Recently I had coffee with Dr. John Talburt of the University of Arkansas at Little Rock’s Information Quality program. During the conversation we exchanged experiences that we’ve both encountered while implementing data quality solutions, especially with regard to matching. One of the prevailing topics was the promotion of a master record from the duplicates. That’s when Dr. Talburt shared with me a perspective that I had not considered.
[tweetmeme source=”dqchronicle” only_single=false http://bit.ly/cXmAza]

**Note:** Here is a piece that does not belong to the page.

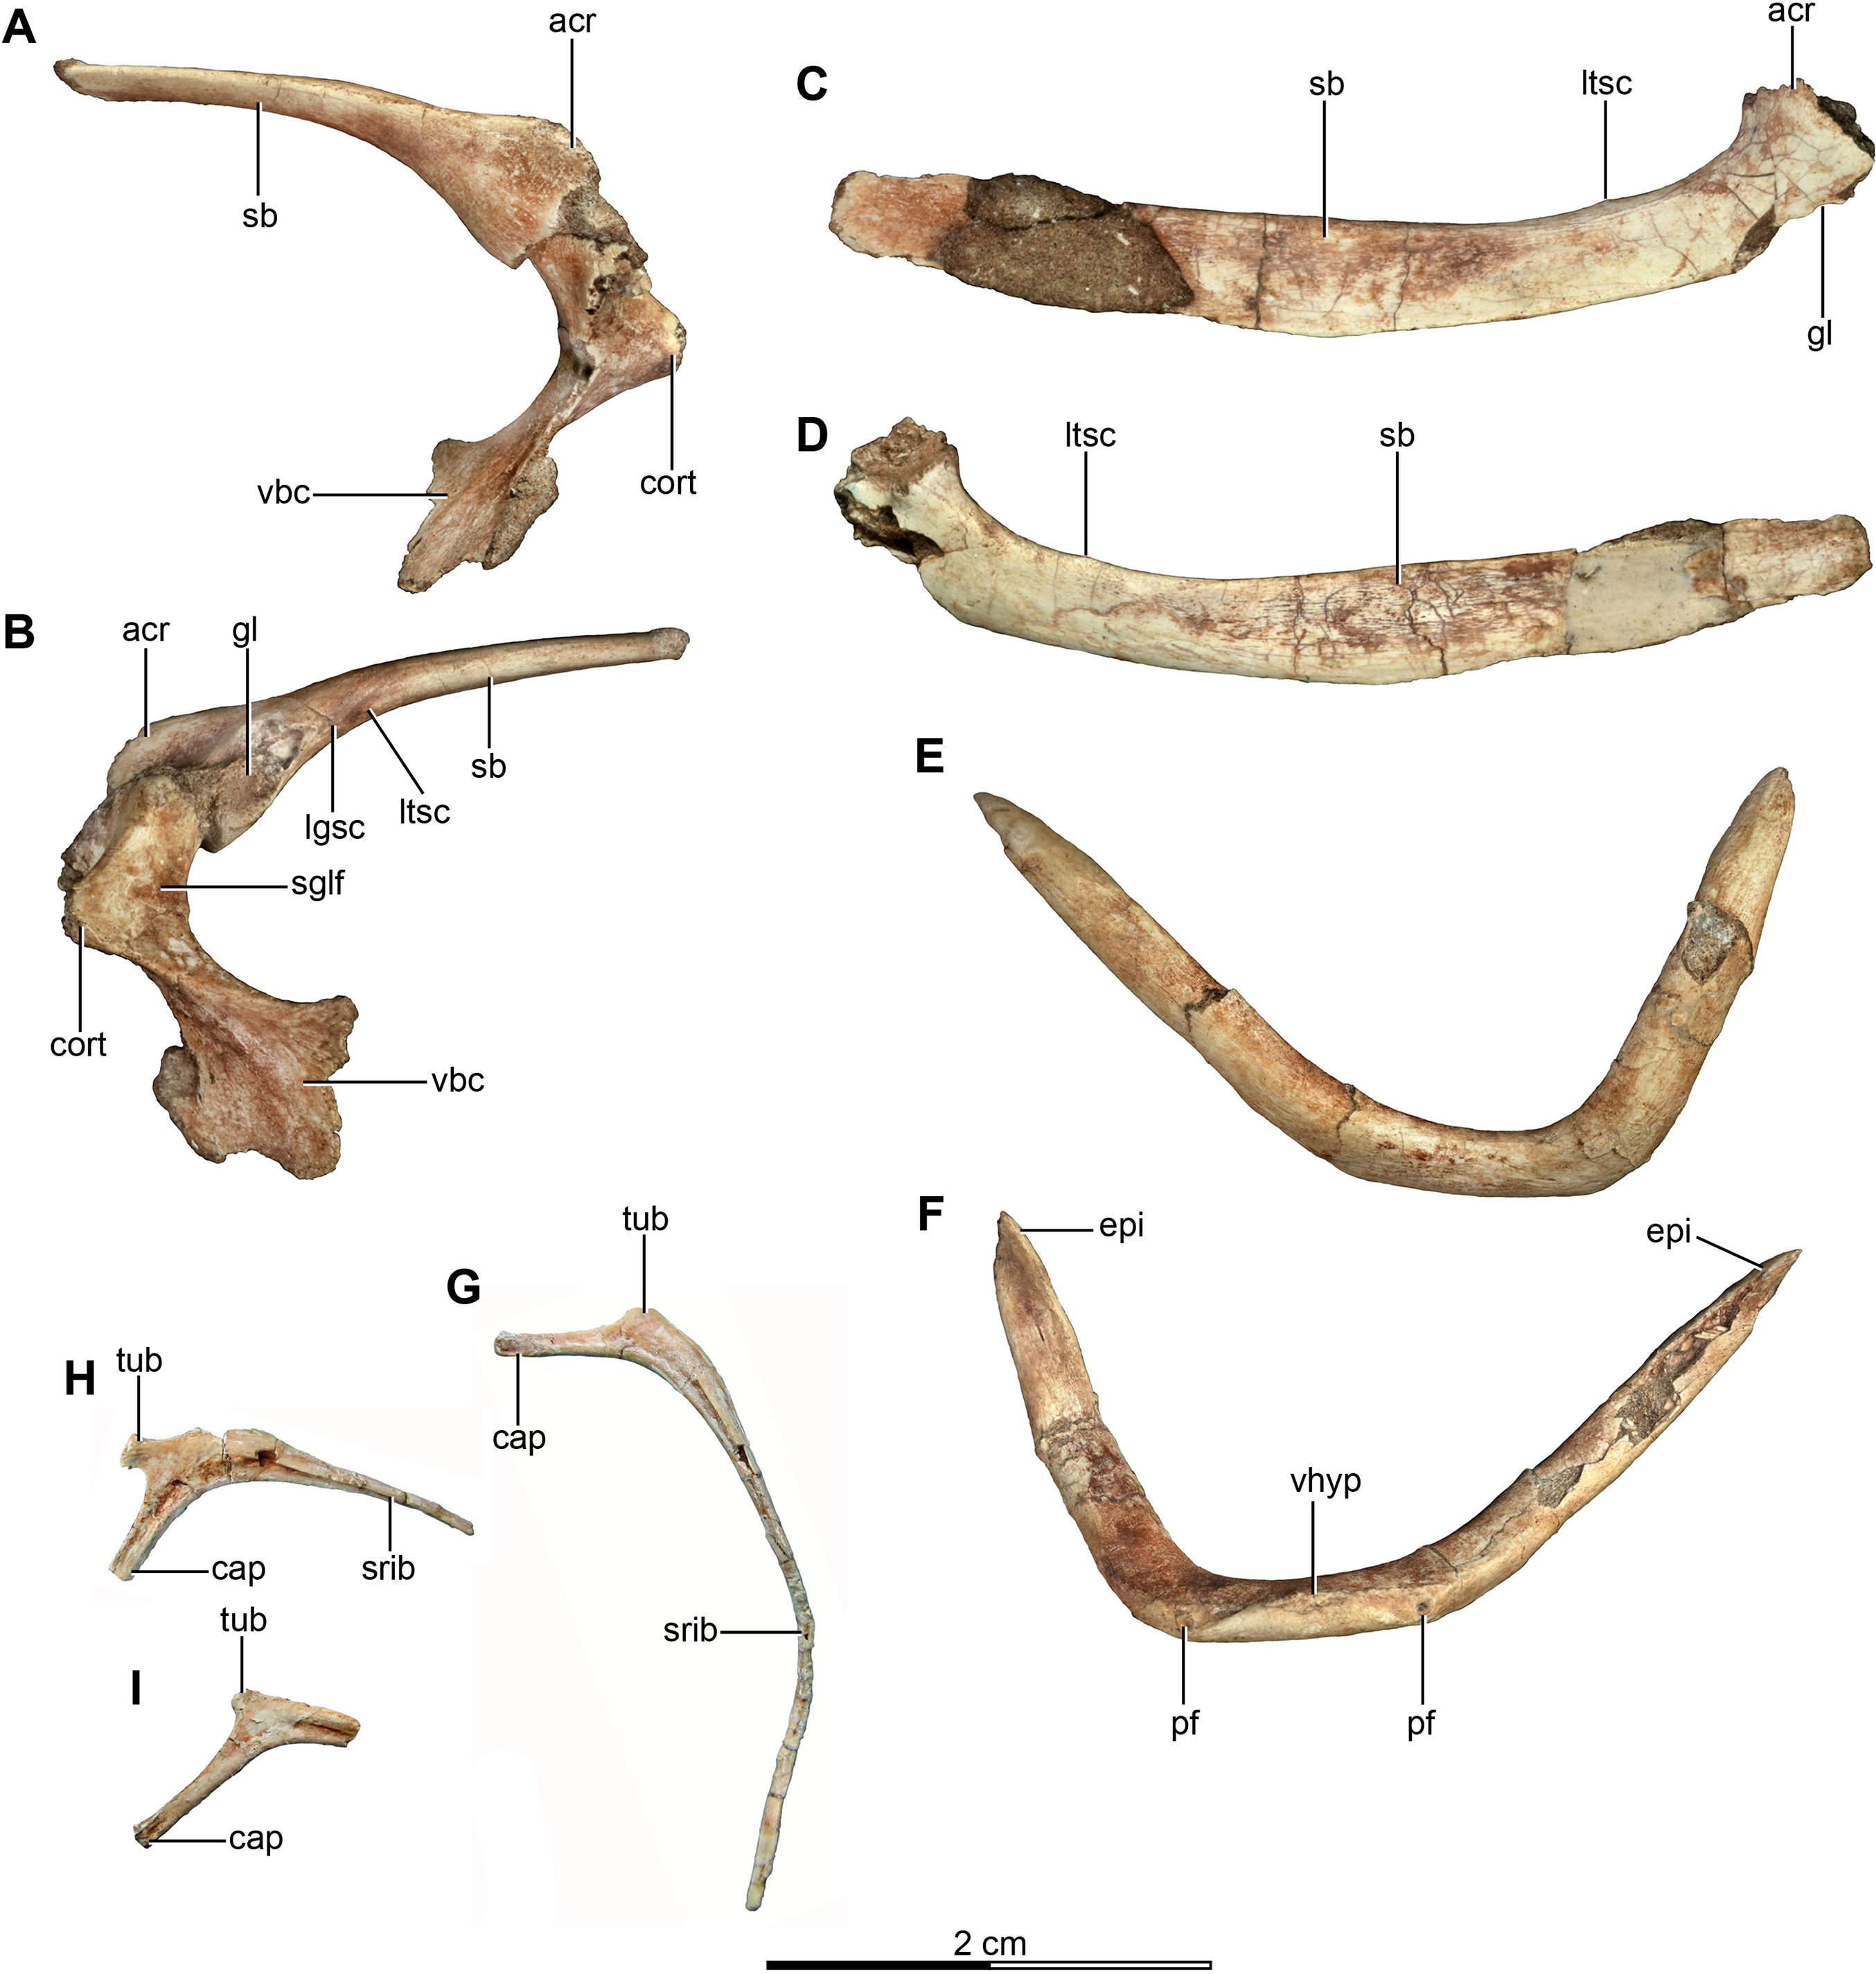 Postcranial skeletal anatomy of the holotype and referred specimens of

He asserted that most often the focus of duplication validation is placed on the confirmation of true positive results. In other words, most often data quality analysts focus on confirming that the duplicates they identify are really duplicates. Sounds straight forward enough and I confess I am guilty of this approach. However, Dr. Talburt proposed that, at least, one more validation process be added to the results analysis. This is the validation of true negative results, or validating that those records not identified as duplicates are truly not duplicates.
Granted this approach is more difficult and certainly more time-consuming, particularly for large datasets. However, it can be viewed as a more valuable exercise to an organization. Afterall leaving duplicates unidentified in an enterprise dataset compounds the cost of the data by affectively under-utilizing the investment in the de-duplication project.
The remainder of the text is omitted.